Members of the Inkstain Rio Grande Rapid Response Team (IRGRRT) were busy over the weekend monitoring the river. (“Monitoring the river” actually just means “going for walks, bike rides, and boating the river” like we do nearly every weekend, but “monitoring the river” and “Rio Grande Rapid Response Team” sound cooler and more official than a bunch of river nerds goofing.)

Water spilling out of a river channel quietly, with trees on the left and a roadway bridge pilings on the right

Rio Grande, up out of the main channel, at the Rio Bravo Bridge in Albuquerque South Valley.

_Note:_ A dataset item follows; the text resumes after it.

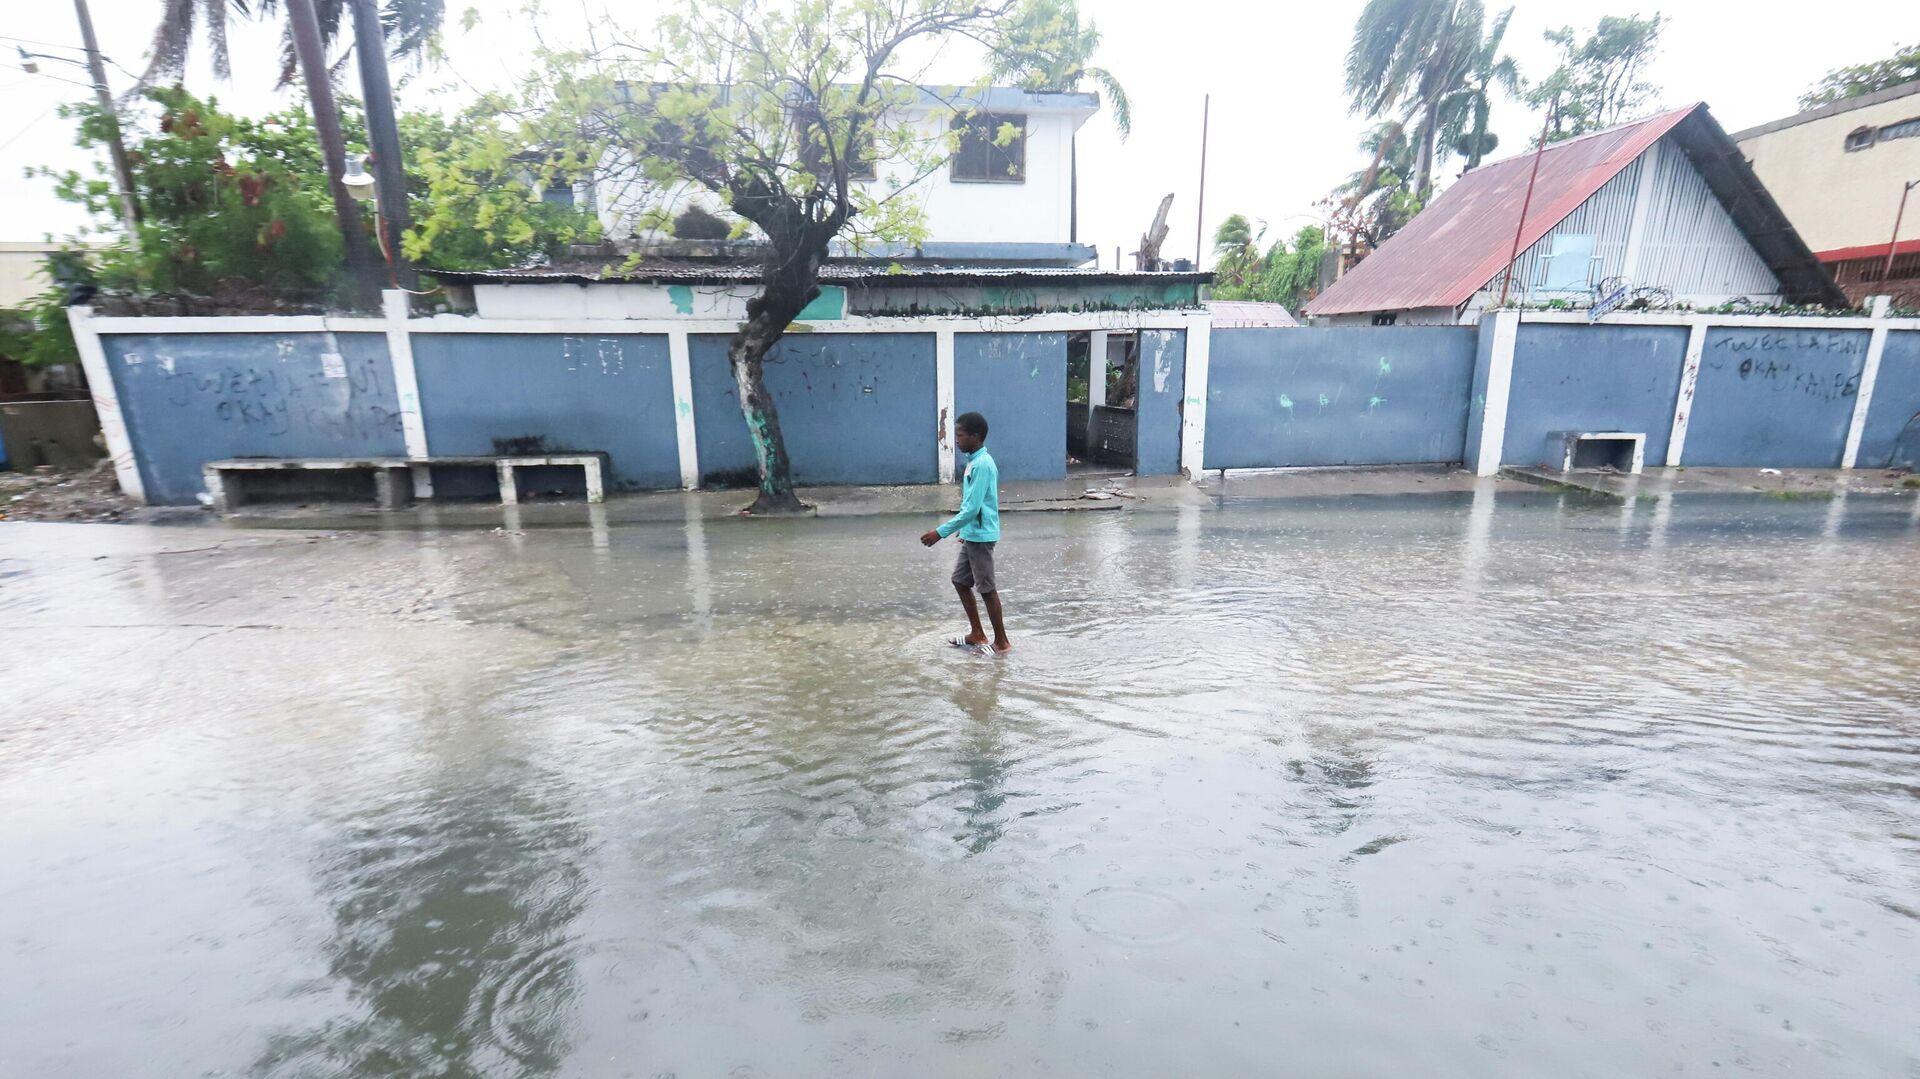 Tormenta tropical Grace en Haití - Sputnik Mundo, 1920, 19.08.2021

IRGRRT team members saw enough water through the Albuquerque reach to float over many of the sandbars, and flows in some of the overbank shallows beyond the main river channel. Those overbank flows are a mixed bag – important for ecological system function, less helpful for meeting Rio Grande Compact deliveries to our downstream neighbors with whom we share this river.

Last year, with a much larger snowpack, we saw sustained flows this high (and higher) through the end of June, when the Army Corps of Engineers slammed on the brakes. The tail end of the 2023 runoff sat behind the upstream dams at Abiquiu and Cochiti until Nov. 1, when the Corps began releasing it to meet our delivery obligations to our downstream neighbors. That won’t happen in 2024.

This year’s flow shot up with the big warmup two weeks ago melting off the snow in a hurry. That’s the rapid drop you see in the snowpack graph above. It may already have peaked, with flows hitting 3,600 cubic feet per second at Otowi (the gage above New Mexico’s Middle Rio Grande Valley). In response, the Corps has dropped releases at Cochiti. At Albuquerque, the peak hit ~3,200 cfs, and has now settled under 3,000 cfs.

Busy graph showing flows in the Rio Grande at Albuquerque rising rapidly over the last two weeks, but beginning to drop again.

Flows at Albuquerque, April 29, 2024.

Thanks to all the IRGRRT volunteers, and Inkstain supporters.

One Comment

  1. John

    As Natural Resource Trustee, about 2000 I commissioned a study of climate change effects on the Rio Grande and the Pecos by the Canadian Environmental Agency. Their work was excellent. It adumbrated exactly what you are reporting. Runoff would peak about May 1. Looks like they were right. Too bad we had to wait 25 years to find they were correct. I still have it somewhere.